There's no 14B model on 3.5 series. Still hoping for 3.6-9B & 3.6-120B from Qwen soon or later.
I see many Distills(for Qwen3.5-9B) on HF. Dig deep there
https://huggingface.co/models?sort=trending&search=Qwen3.5-9B+Distill
Thigh_Clapper@reddit
Is omnicoder better than copaw/qwenpaw flash?
philmarcracken@reddit
just tried that omnicoder as a subagent, turboquant. Ran far better than expected...
charmander_cha@reddit
Quero a versão 3.6 para 9B
Seria incrível
QuchchenEbrithin2day@reddit (OP)
Sim, eu concordo
Risen_from_ash@reddit
Qwen 3.6 35b a3b will dogwalk the 9b and 14b models. Straight up. If you haven’t tried it, you don’t even know. I’m not trusting anything of mine with the 9b or 14b models.
akram200272002@reddit
Imagine, instead of the 3b active, it's 6b or 9b, with 4 or 8 experts ?
necrophagist087@reddit
Qwen3.6 35B3A(q4m) run 30tok/s on my laptop with rtx4070 8gb VRAM (32g ram) for simple tasks (like image recognition and captioning), it’s dumber than 27b dense but outperforms any lower weight models by miles.
sagiroth@reddit
There is no need for one if there is MOE
Organic_Scarcity_495@reddit
the 35B A3B MoE is already running on 6GB VRAM with q4_k_m and offloading, i'd be surprised if they bother with smaller distills. the MoE architecture is their answer to the vram problem — you get 35B parameter intelligence while only loading ~3B active per token.
brickout@reddit
The 35b a3b should run fine
ps5cfw@reddit
I would guess they simply don't make any sense in terms of performance compared to 35B (Which can at least run with CPU Offloading fairly speedily)

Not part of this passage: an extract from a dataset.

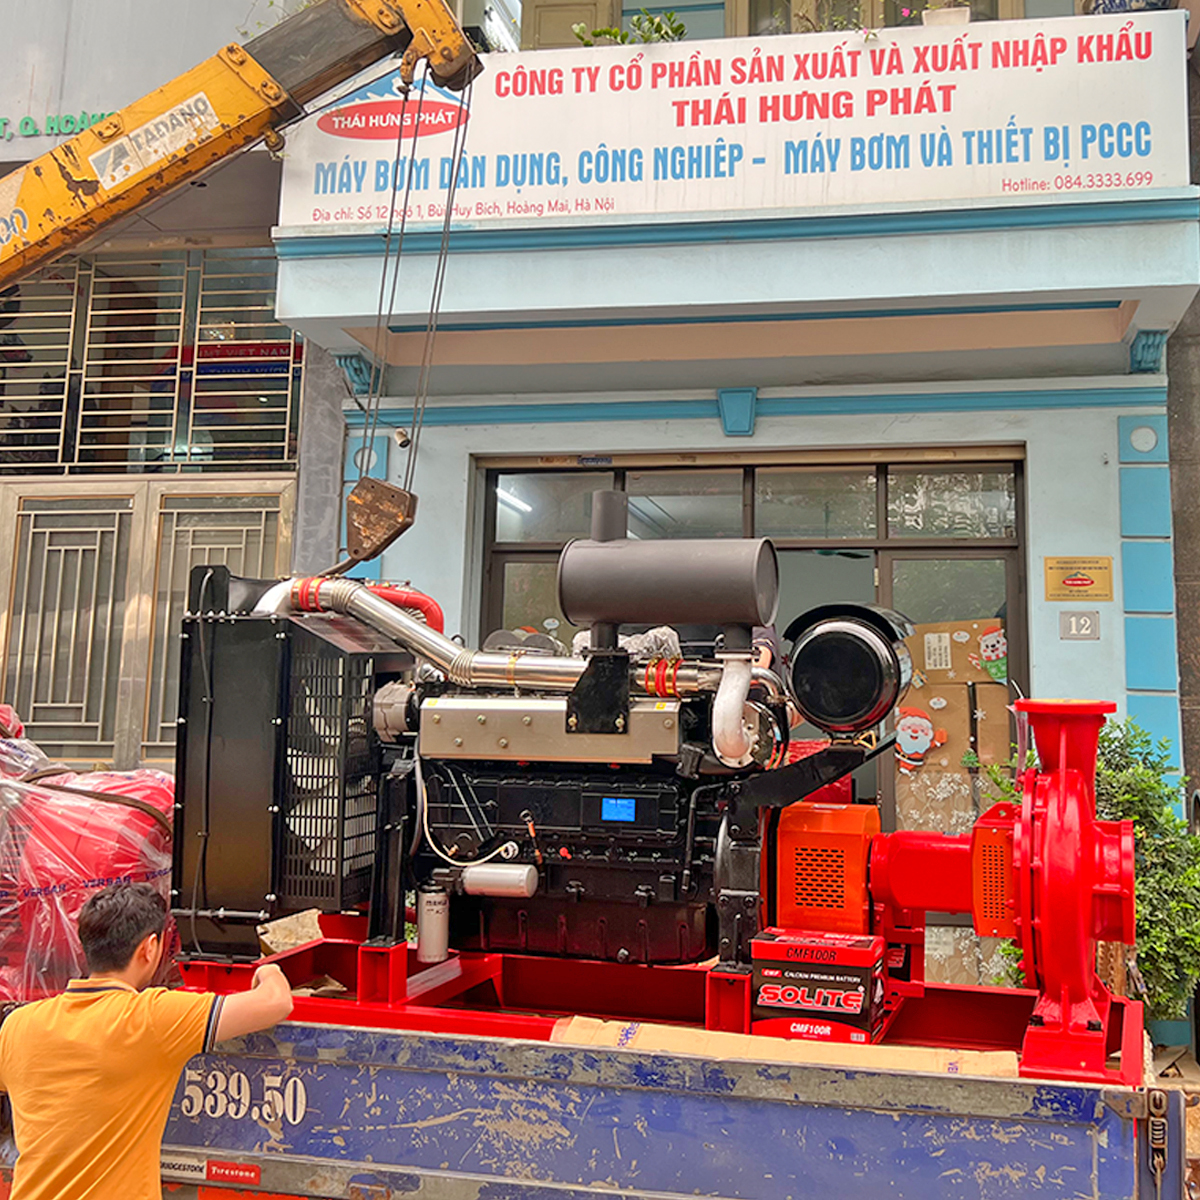 Cửa hàng máy bơm cứu hỏa uy tín tại Hà Nội | Thái Hưng Phát

QuchchenEbrithin2day@reddit (OP)
Sorry I missed this comment, but don't the 3B effective expert, have far weaker reasoning and world knowledge compared the 9B dense model ? Also, doesn't CPU offload slow it down significantly ?
ps5cfw@reddit
Yes and no, itàs not acting like a 3B model but it may lack some awareness of the 9B model in certain focused scenarios.
CPU Offload of a 35B MoE may still be significantly faster than a 9B Dense model in CPU Offload, so there's also that.